Never Always Sometimes
Page 16
“You look so cute,” Gretchen said, and almost immediately Julia felt like punching her.
Julia had a quick flash of what this could turn into: her and Gretchen becoming friends, Dave and Gretchen touching more and more, little stolen glances between them that Julia wouldn’t be able to avoid intercepting. Julia would be the third wheel in a friendship that had never needed more than two people.
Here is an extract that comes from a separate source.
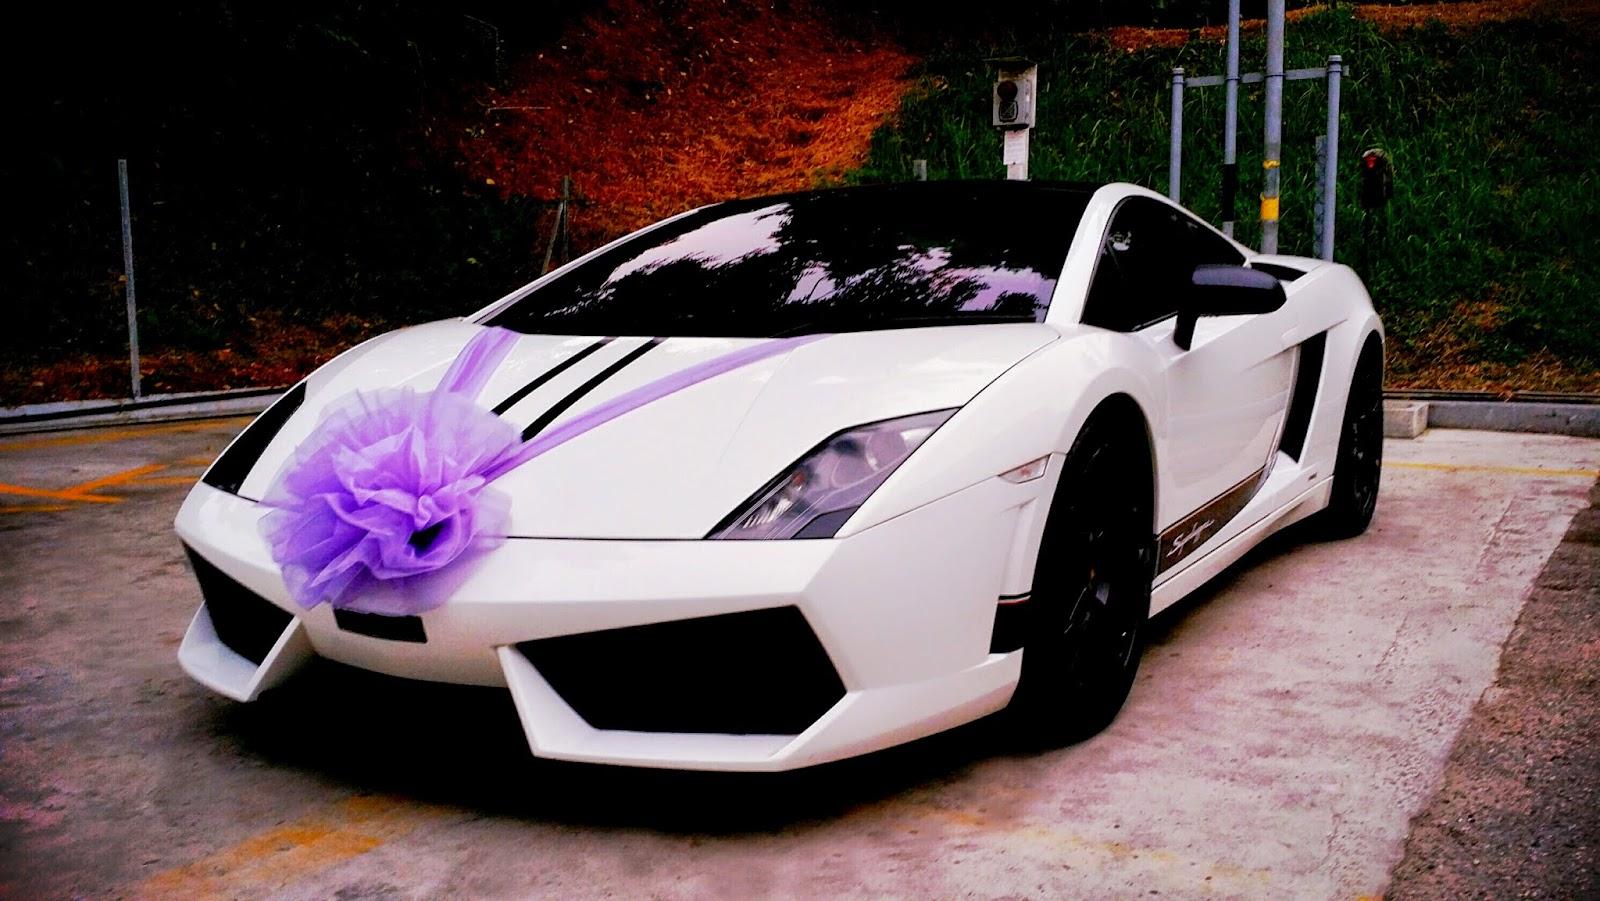 redorca malaysia wedding and event car rental bridal car decoration. Black Bedroom Furniture Sets. Home Design Ideas

Suddenly flushed, Julia went off to find a bathroom to calm herself down. What the fuck was going on? Ridiculing others was her usual coping mechanism, not this mad jealousy. If anything, Julia had expected to make fun of Gretchen today. She thought back to the night of the party, how it had felt when she’d started tearing apart her house. She’d been lying on the grass, telling herself she was in love with Dave. And drunk as she may have been, maybe it was true. Maybe she was in love with Dave.
Julia found the department store’s bathroom, which was small and clean with a large plant in the corner, lavender in the air. She went up to the sink and splashed some water on her face, letting it drip-dry as she shook her head at the little mantra now running through her head, taking root. No, Julia told herself. It’s not true.
When she’d managed to convince herself, Julia returned to the dressing area and saw Gretchen and Dave standing close to each other, their fingers interlaced. Julia stared at the sight for a while, scrunching her mouth over to one corner. Fuck. It was true.
She was in love with Dave.
JUST LIKE THIS
JULIA WATCHED THE clock tick. It was a stupid thing to do, she knew, the seconds bleeding out slower when observed. But now that flirting with Marroney was apparently frowned upon, she had nothing else to do in class.
Her phone buzzed in her pocket, and she pulled it out to read a text from Dave. I just got the best idea of all time. Or of the past four minutes. Hard to tell. Meet me by your locker.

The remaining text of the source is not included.